*Action item*
An exact copy of the entries below is needed, with every picture left out.

Data excerpts
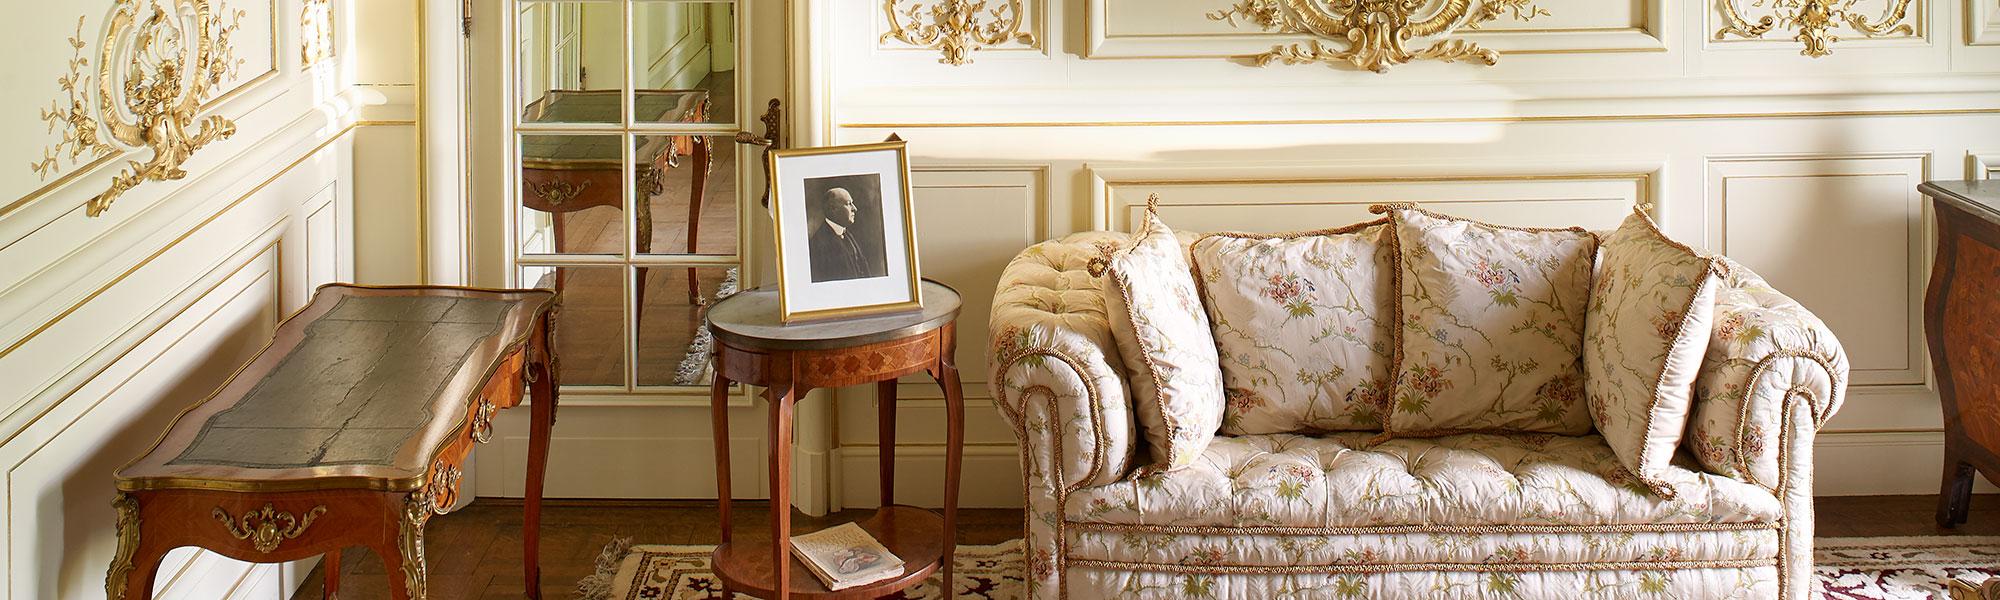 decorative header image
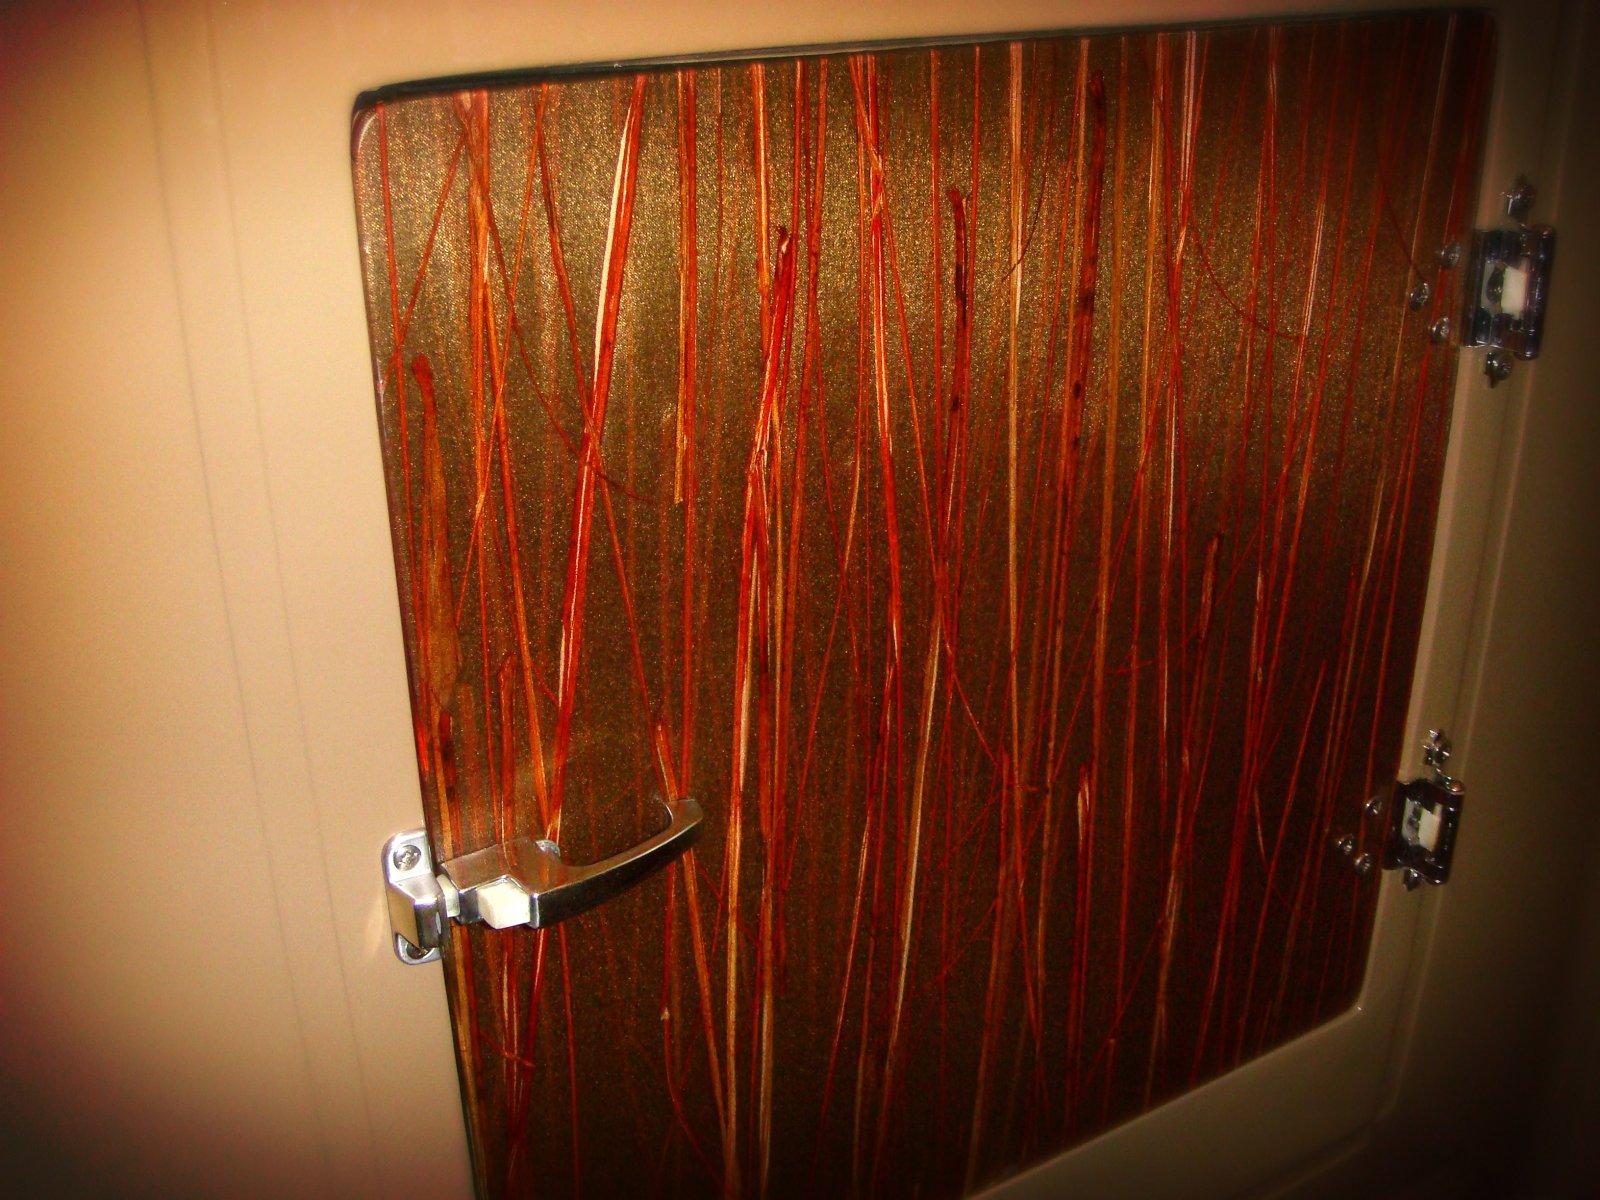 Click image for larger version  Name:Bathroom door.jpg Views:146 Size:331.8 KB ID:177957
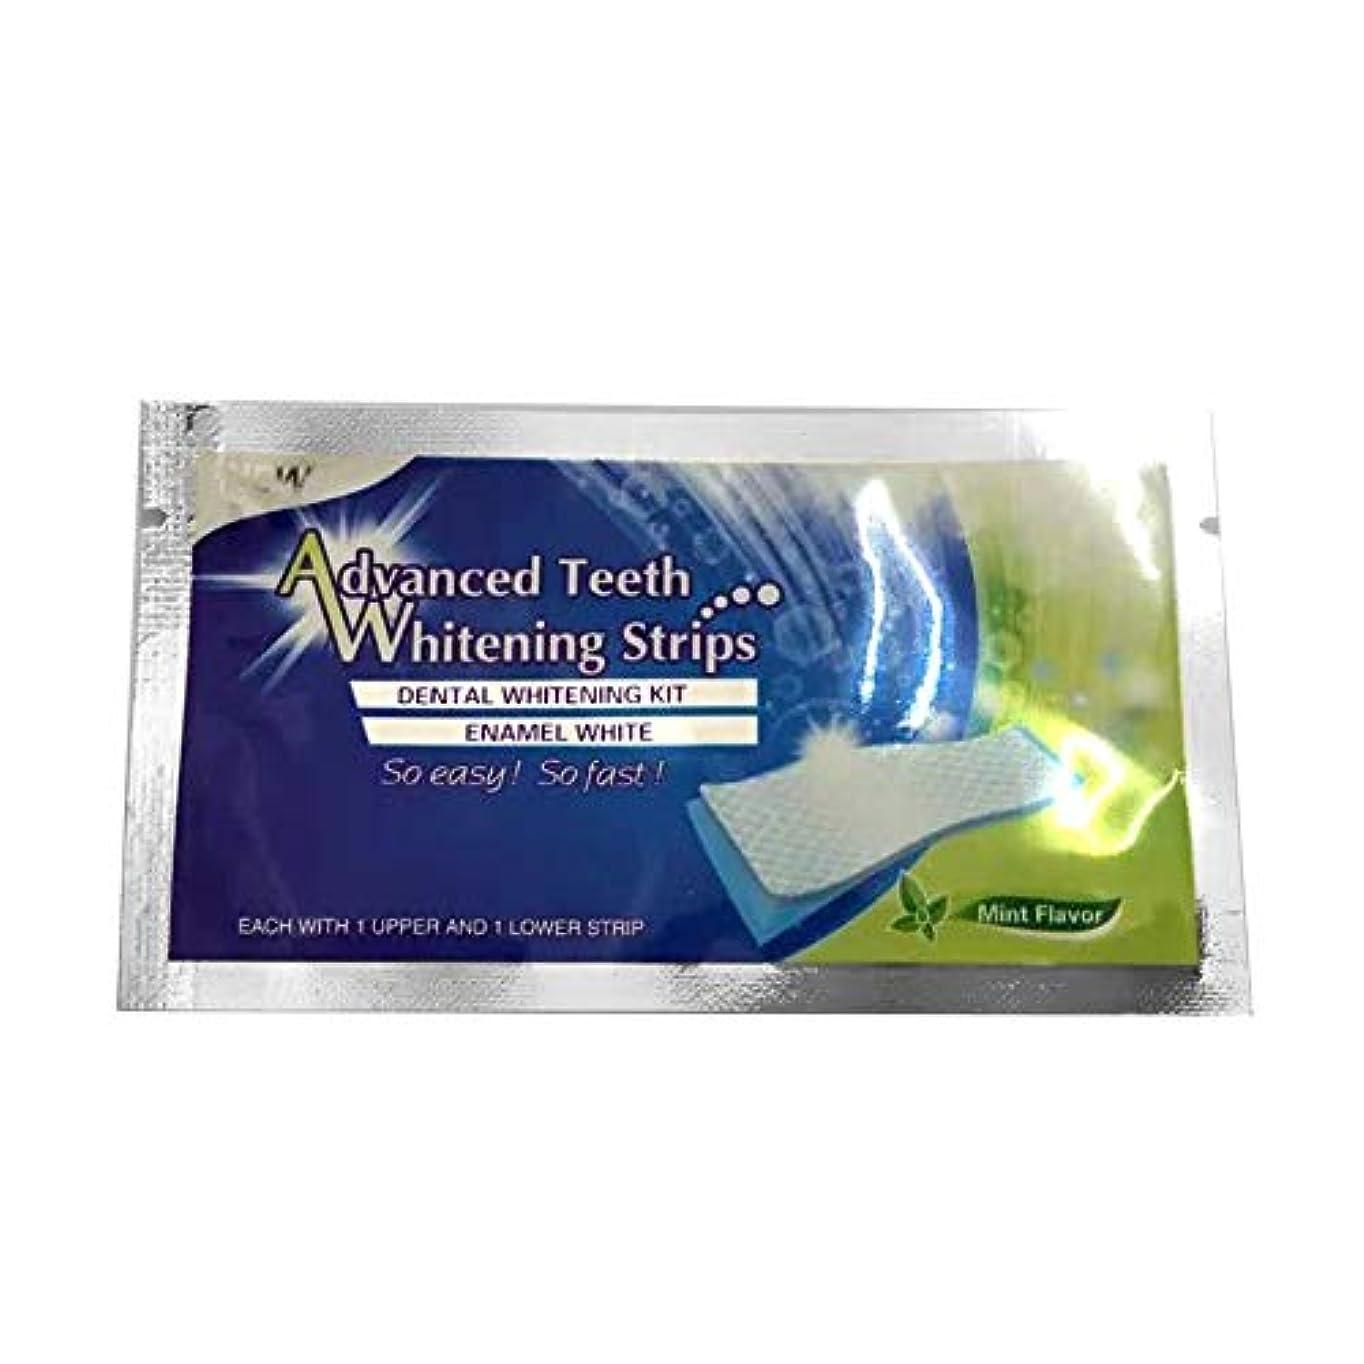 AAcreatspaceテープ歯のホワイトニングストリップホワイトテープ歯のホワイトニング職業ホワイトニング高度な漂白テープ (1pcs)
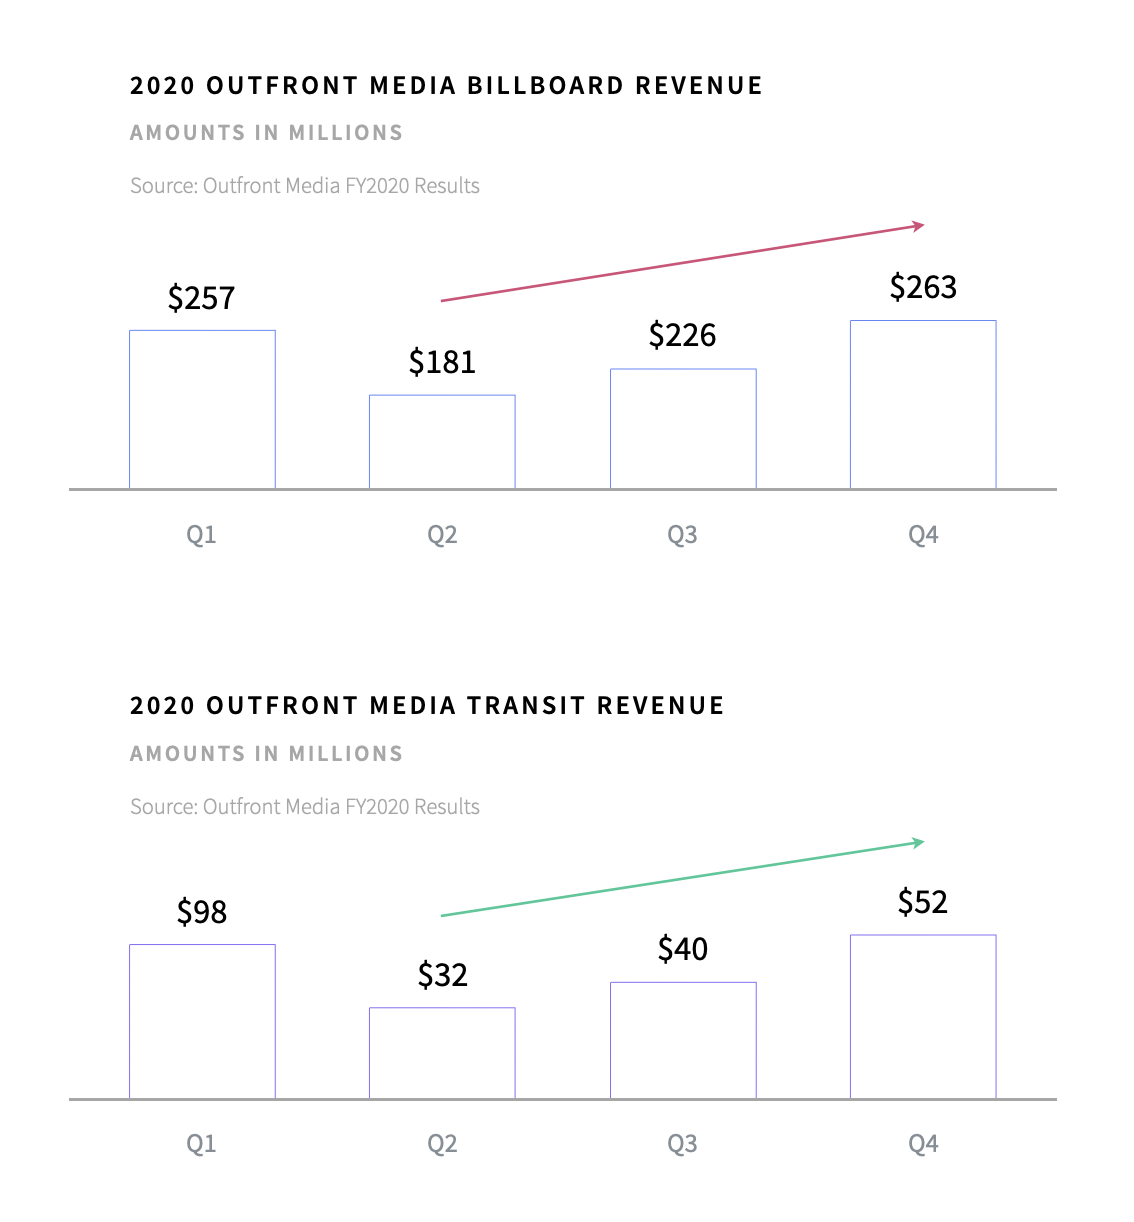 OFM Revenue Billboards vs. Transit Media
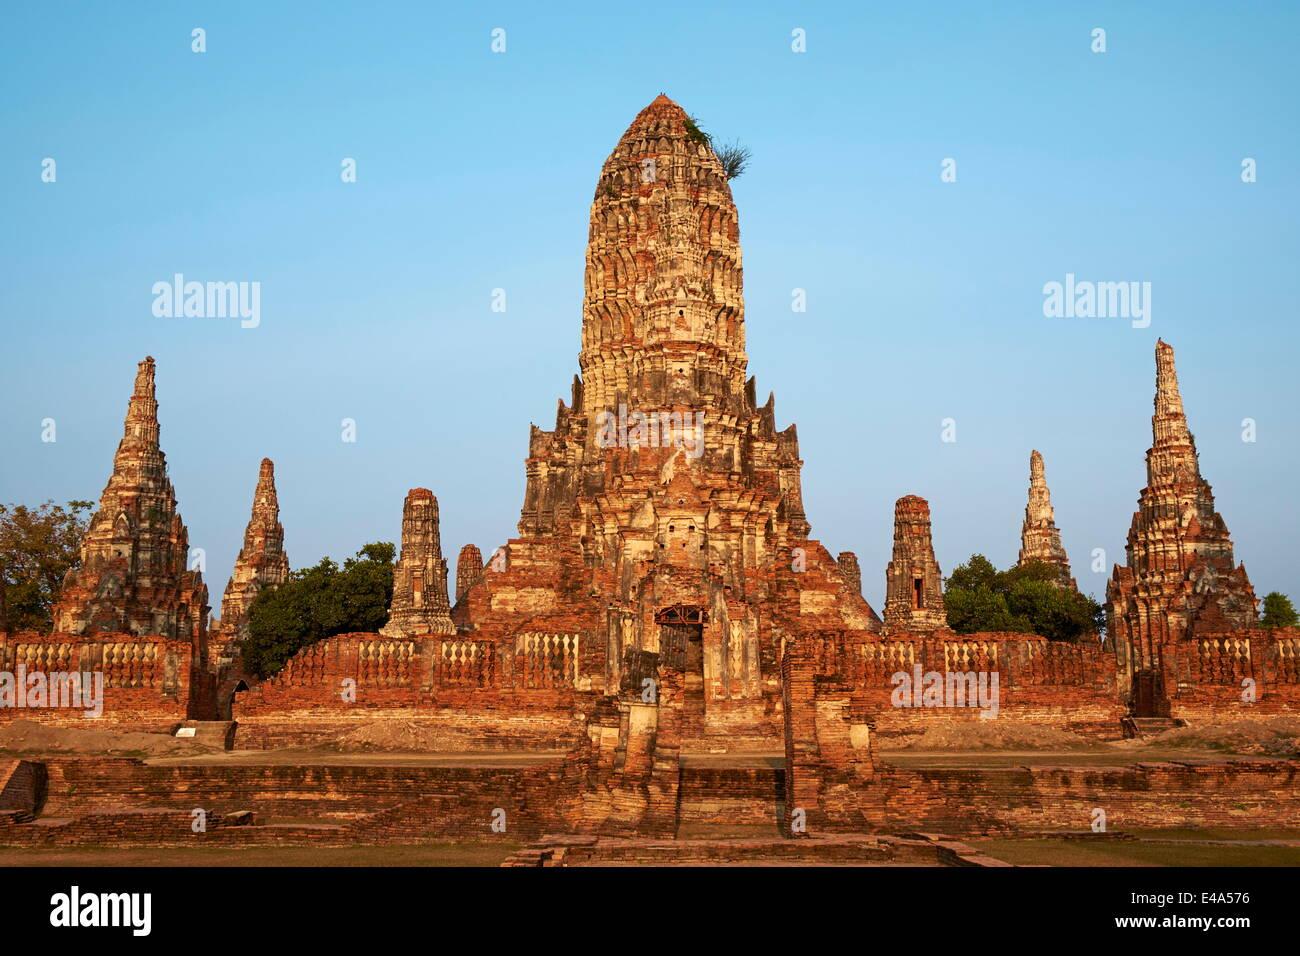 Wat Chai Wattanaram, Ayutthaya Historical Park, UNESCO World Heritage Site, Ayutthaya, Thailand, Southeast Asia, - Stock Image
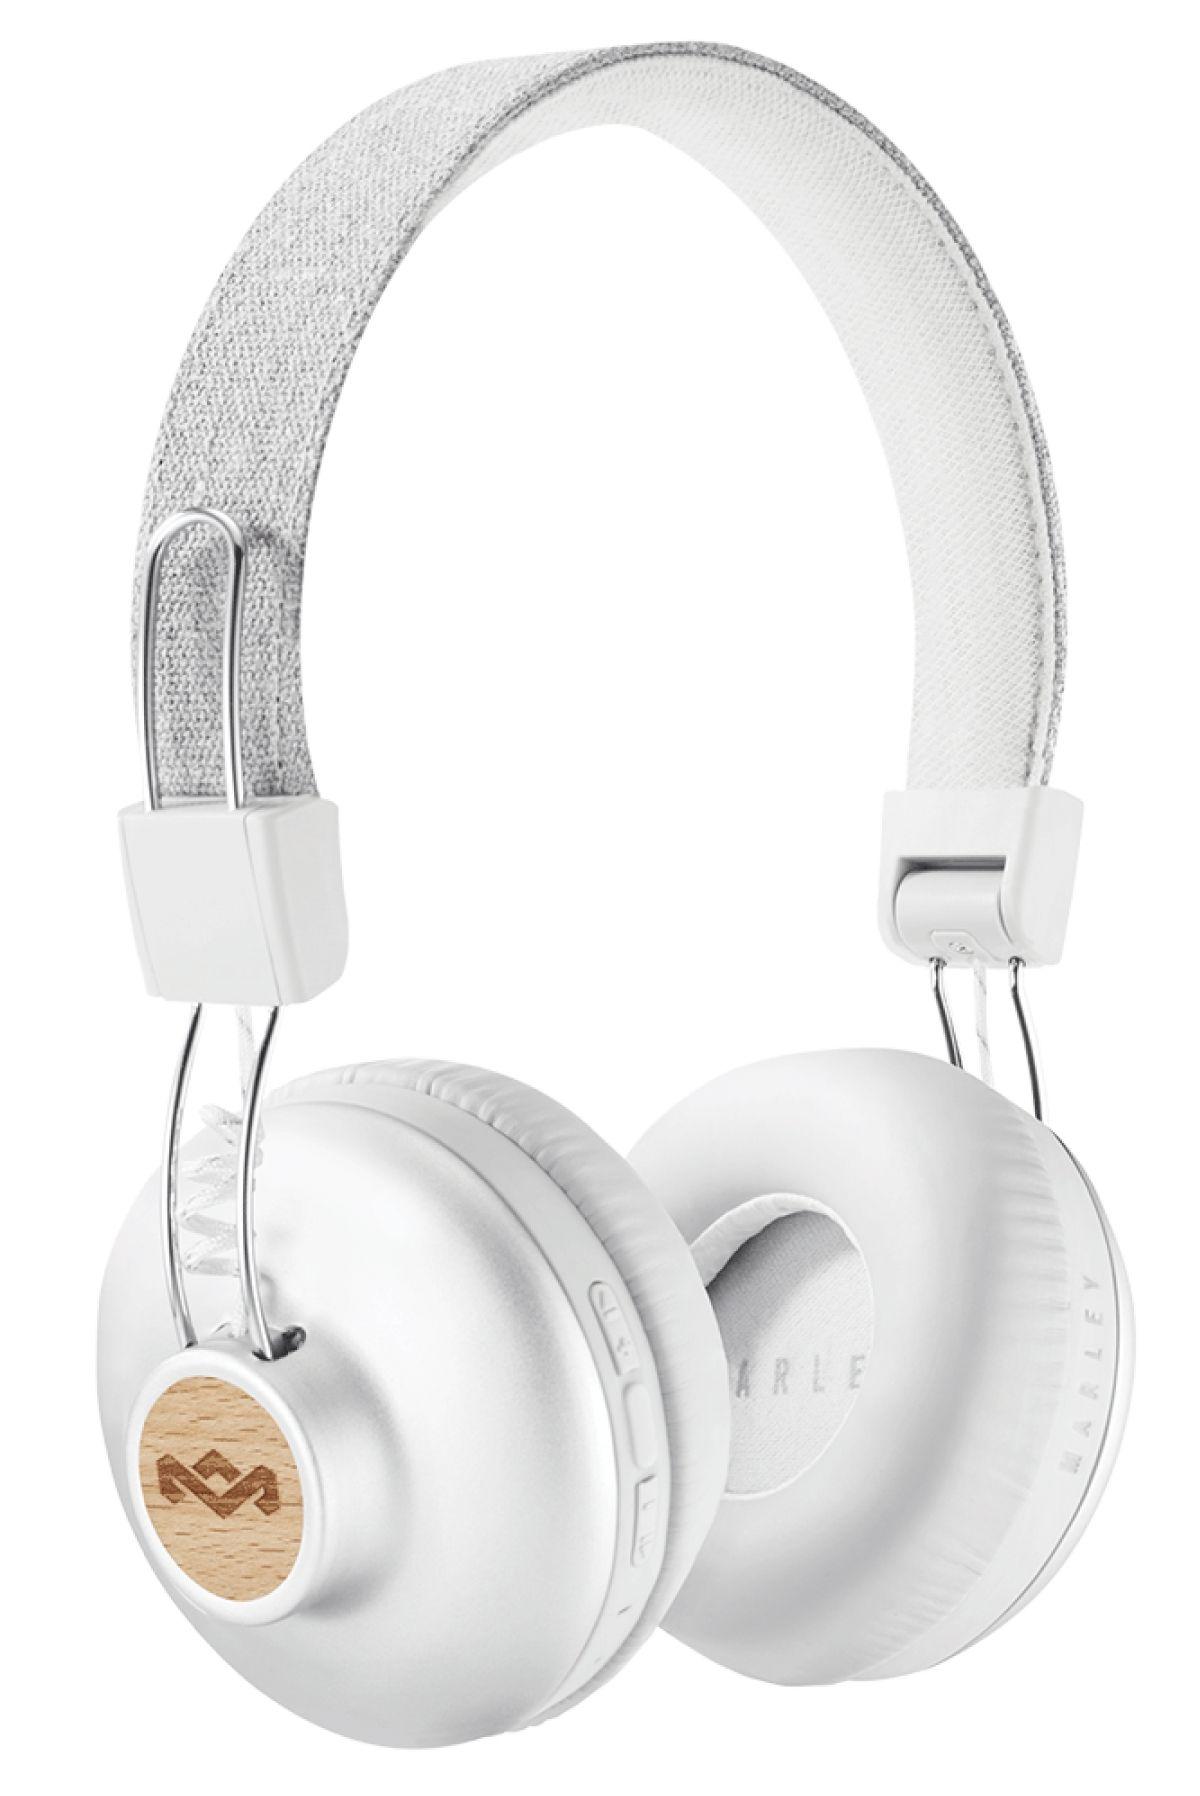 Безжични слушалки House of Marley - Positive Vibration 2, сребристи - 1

*Task result*
 decorative header image
 Click image for larger version  Name:Bathroom door.jpg Views:146 Size:331.8 KB ID:177957
 AAcreatspaceテープ歯のホワイトニングストリップホワイトテープ歯のホワイトニング職業ホワイトニング高度な漂白テープ (1pcs)
 OFM Revenue Billboards vs. Transit Media
 Wat Chai Wattanaram, Ayutthaya Historical Park, UNESCO World Heritage Site, Ayutthaya, Thailand, Southeast Asia, - Stock Image
 Безжични слушалки House of Marley - Positive Vibration 2, сребристи - 1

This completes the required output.